Oh yea how can I miss that lol. really getting old  I'm 5'9". 185 lbs. been riding 30 years. Usually logs around 4k miles a year. Around 90% of my rides are on flat, well paved roads. Current bike is a Giant Propel. I'm a fairly aggrssive rider. Love to ride fast esp on group rides. Hope this helps


----------



## Mike T. (Feb 3, 2004)

Ahh that's better. IMO Aerolites will be fine (I'm a Sapim person so it would be CX-Rays for me) and DT Comp (or Sapim Race) would probably build a stiffer wheel but are the bladed spokes stiff *enough*? I think so.

That being said, you won't notice a benefit from aero spokes (I don't) and they're about 3x the cost of normal spokes. To save money and get the lightness benefit of the Aerolites you could go with DT Revs (2.0/1.5/2.0) or Sapim Laser.

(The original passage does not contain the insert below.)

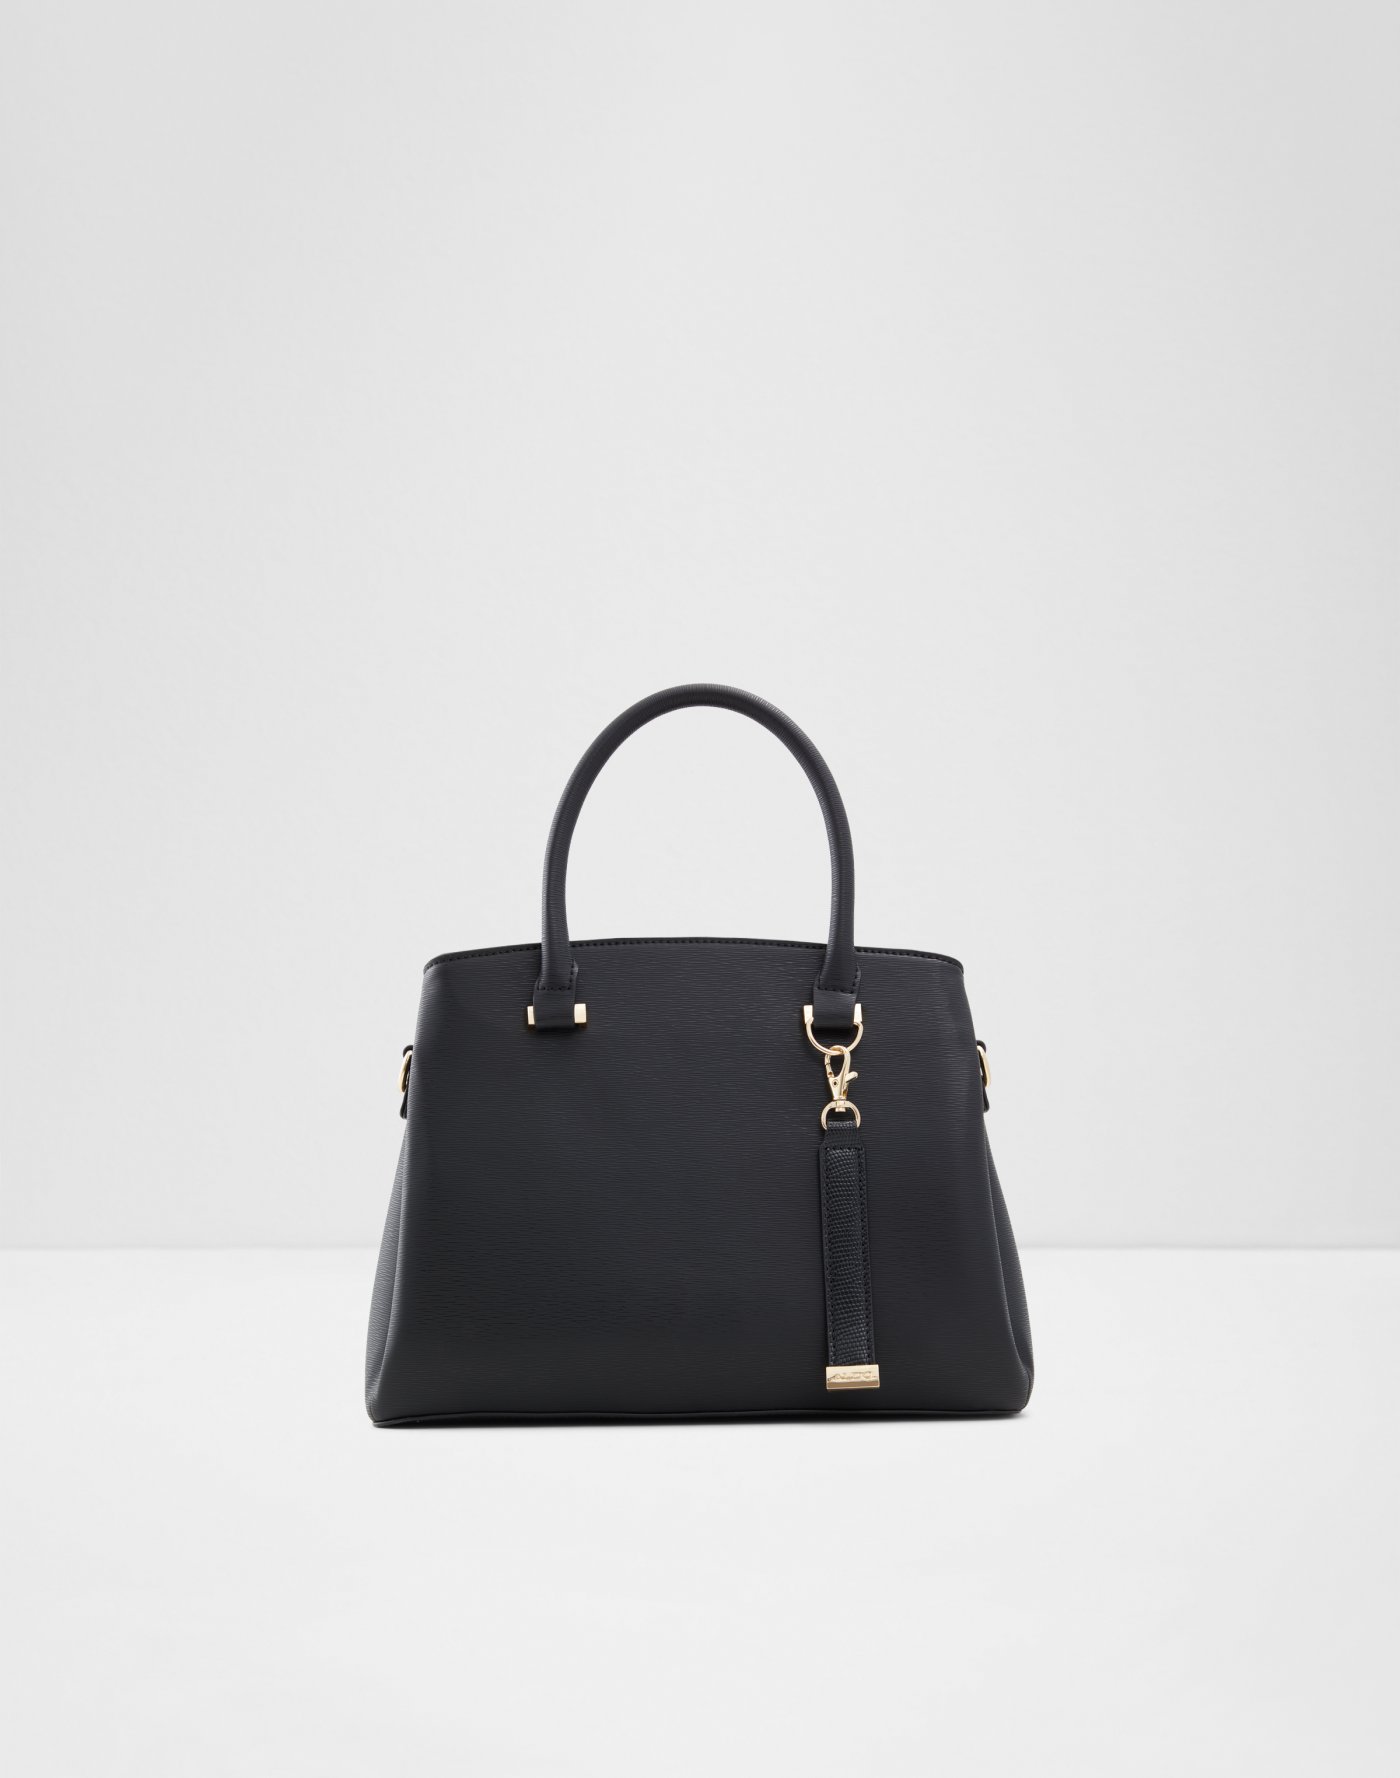 All Handbags | ALDO US

I have a few sets of Sapim Laser spoked wheels and they are plenty stiff enough. I'm 10lbs lighter than you.


----------



## twinkles (Apr 23, 2007)

Use Competition for the pulling spokes, at least on the drive side, and lighter spokes everywhere else. It will keep the wheel light and stiff. I've built 3 sets of wheels like this with great results.


----------



## jnbrown (Dec 9, 2009)

I usually put Aerolites on the front wheel only because you can buy them in sets of 20, just enough for a front wheel and stiffness isn't an issue there.
On the rear I use DT Comps on the DS and DT Revs on the NDS. Saves some money and maybe makes the wheel a bit stiffer. Sometime you can good deals on spokes on Ebay, I just bought 28 Aerolites for $35 which is way below the normal price.


----------



## dcgriz (Feb 13, 2011)

kukula said:


> So I'm building up a new wheelset on DT 180 hubs and Enve 4.5s. My LBS is recommending me the DT Competition instead of the Aerolites. His rationale being the Competition will make for an even stiffer wheelsets. Now I have no prior experience with both spokes although I felt that the Aerolites should be stiff enough, being that I never have any complains with both my Zipp 303 and 404s using the Sapims which from what I've heard are pretty much similar performance wise as the Aerolites. Thoughts?


You are paying a pretty penny, actually a lot of pretty pennies, for the SES 4.5's and their Smart technology. Stay the course you charted and get the Aerolites, if for nothing else, to complete the theme.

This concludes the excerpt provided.